4b. Perform a linear regression of a response variable \(\log(T)\) onto predictor variables \(\log(M)\) and \(\log(a)\), using only planets for which the host star mass is between 0.9 and 1.1, i.e., the data in exo.reg.data
. Save the result as exo.lm
, and save the coefficients as exo.coef
. What values do you get for the coefficients of the predictors \(\log(M)\) and \(\log(a)\)? Does this match what you would expect, given Kepler’s third law (displayed above)?
4c. Call summary()
on your regression object exo.lm
and display the results. Do the estimated coefficients appear significantly different from zero, based on their p-values? Challenge: use the summary()
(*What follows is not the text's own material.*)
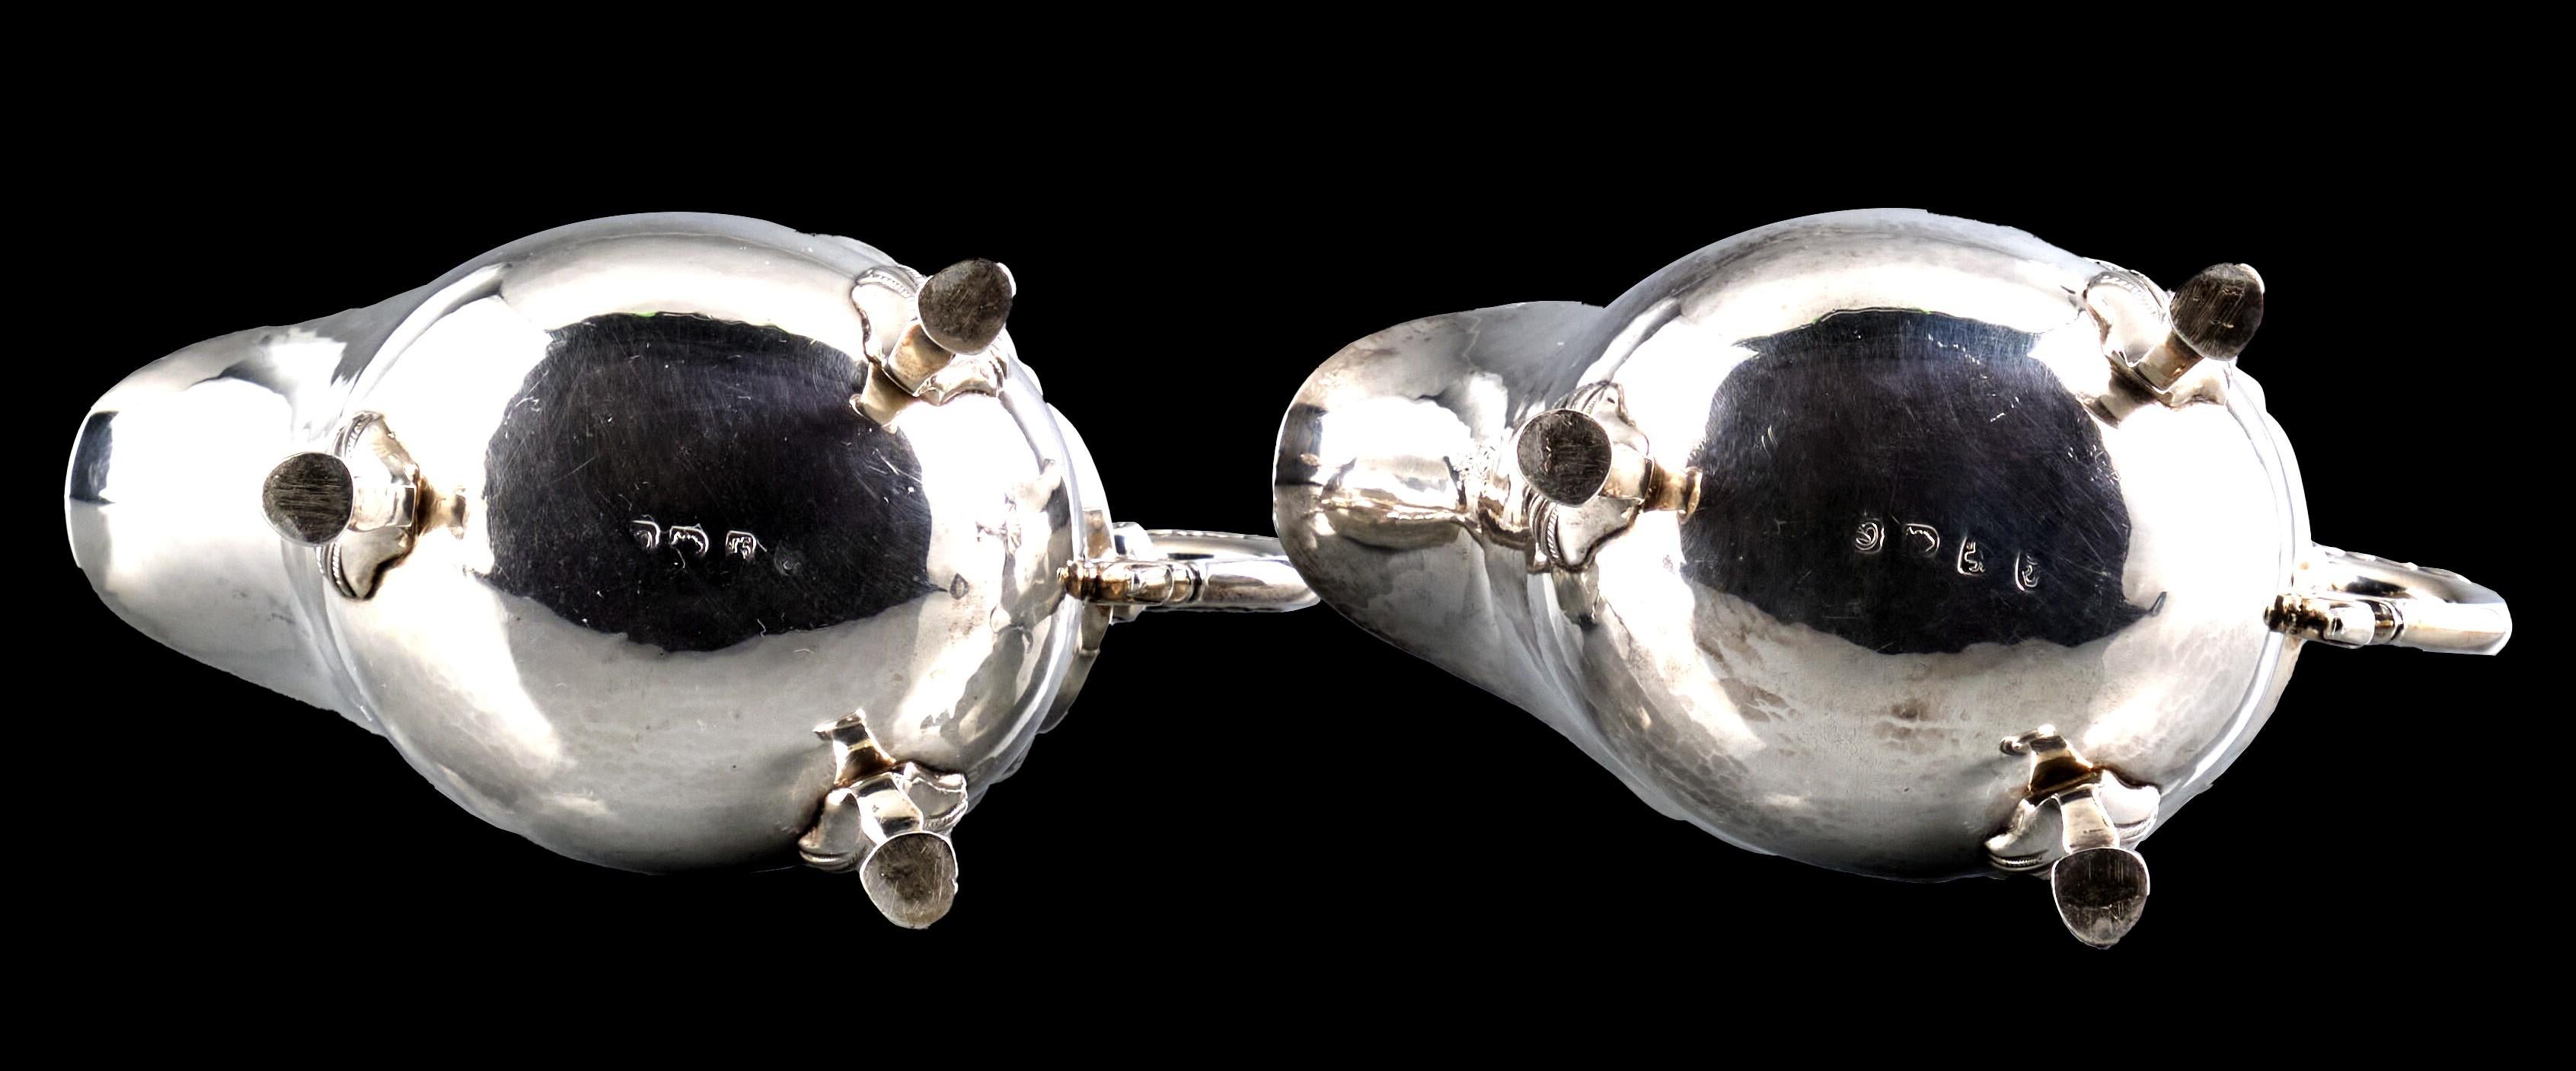 Fine Pair of Mid 18th Century Georgian Sterling Silver Sauce Boats, London 1762 For Sale 1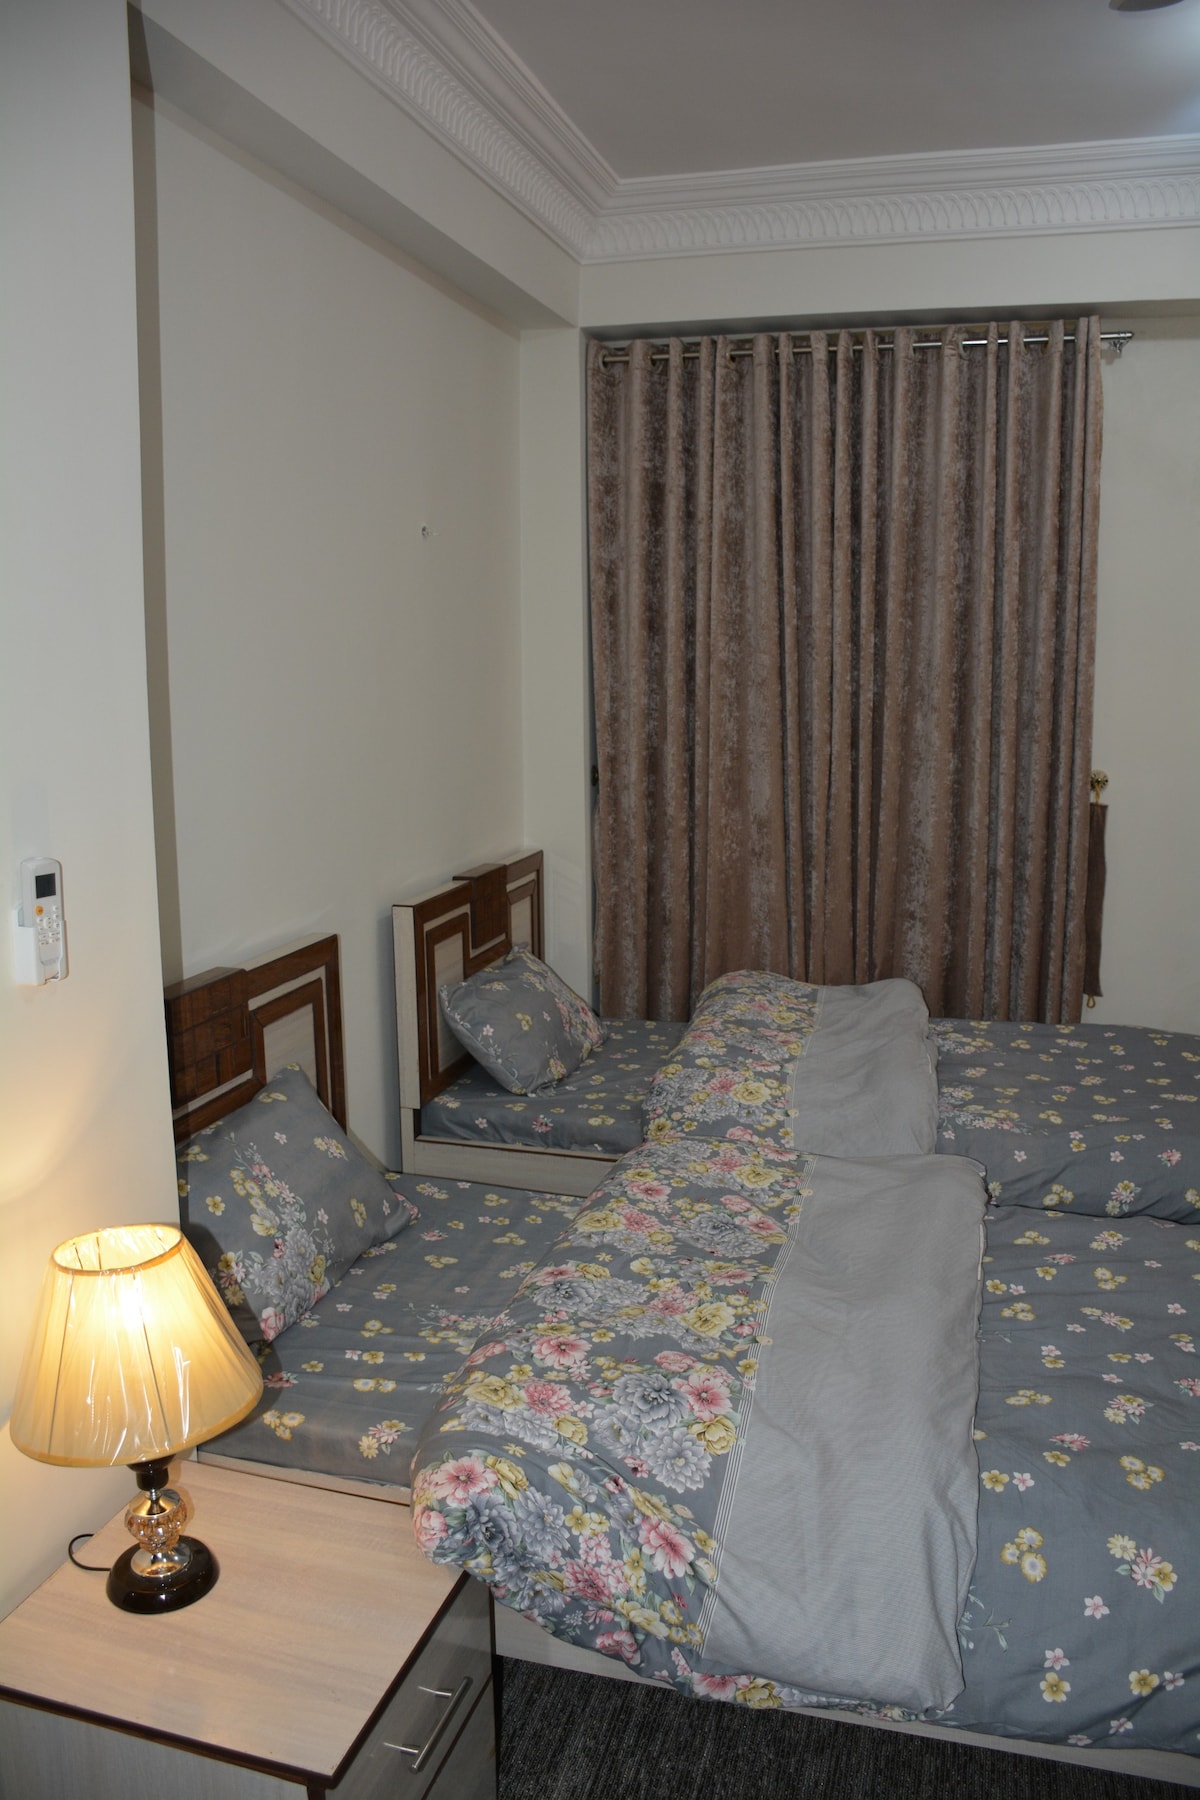 A Discounted furnished room in Swat

object to answer the following question. Are the theoretical values for the coefficients of \(\log(M)\) and \(\log(a)\) from Kepler’s third law within 2 standard errors of the estimated ones?
Challenge. What value do you get for the intercept in your regression model, and does this match what you would expect, given Kepler’s third law?
4d. Using fitted()
, retrieve the fitted values from your regression object exo.lm
. Mathematically, this is giving you: \[
\beta_0 + \beta_1 \log(M) + \beta_2 \log(a)
\] for all the values of log mass \(\log(M)\) and log semi-major axis \(\log(a)\) in your data set, where \(\beta_0,\beta_1,\beta_3\) are the estimated regression coefficients. Thus you can also compute these fitted values from the coefficients stored in exo.coef
. Show that the two approaches give the same results.
4e. Using residuals()
, retrieve the residuals from your regression object exo.lm
, Similarly. Mathematically, this is giving you: \[
\log(T) - (\beta_0 + \beta_1 \log(M) + \beta_2 \log(a))
\] for all the values of log orbital period \(\log(T)\), log mass \(\log(M)\), and log semi-major axis \(\log(a)\) in your data set, where again \(\beta_0,\beta_1,\beta_3\) are the estimated regression coefficients. Thus you can also compute these residuals from the coefficients in exo.coef
. Show that the two approaches give the same results.
4f. Compute the mean of the residuals as computed in the last question (found using either approach). Is it close to 0? Challenge: this is not a coincidence, but a fundamental property of linear regression. Can you explain why this is happening? A clue: rerun the linear regression model, but without an intercept this time; what do you find with the mean of the residuals now?
Challenge. Compute the average values of log mass \(\log(M)\) and log semi-major axis \(\log(a)\) over your data set, saving these as st_mass_log_ave
and pl_orbsmax_log
, respectively. Using predict()
, predict from your linear model the log orbital period when the log mass is st_mass_log_ave
and the log semi-major axis is pl_orbsmax_log
. Mathematically, this is: \[
\beta_0 + \beta_1 \mathrm{avg}(\log(M)) + \beta_2 \mathrm{avg}(\log(a))
\] where \(\mathrm{avg}\log(M)\) is the average log mass and \(\mathrm{avg}(\log(a))\) is the average log semi-major axis, and again \(\beta_0,\beta_1,\beta_3\) are the estimated regression coefficients. Thus you can also compute this predicted value from the coefficients in exo.coef
. Show that the two approaches give the same results. Finally, compare the predicted value (from either approach) to the average log orbital period \(\log(T)\). Are they the same? This is not a coincidence, but again a fundamental property of linear regression. Can you explain why this is happening?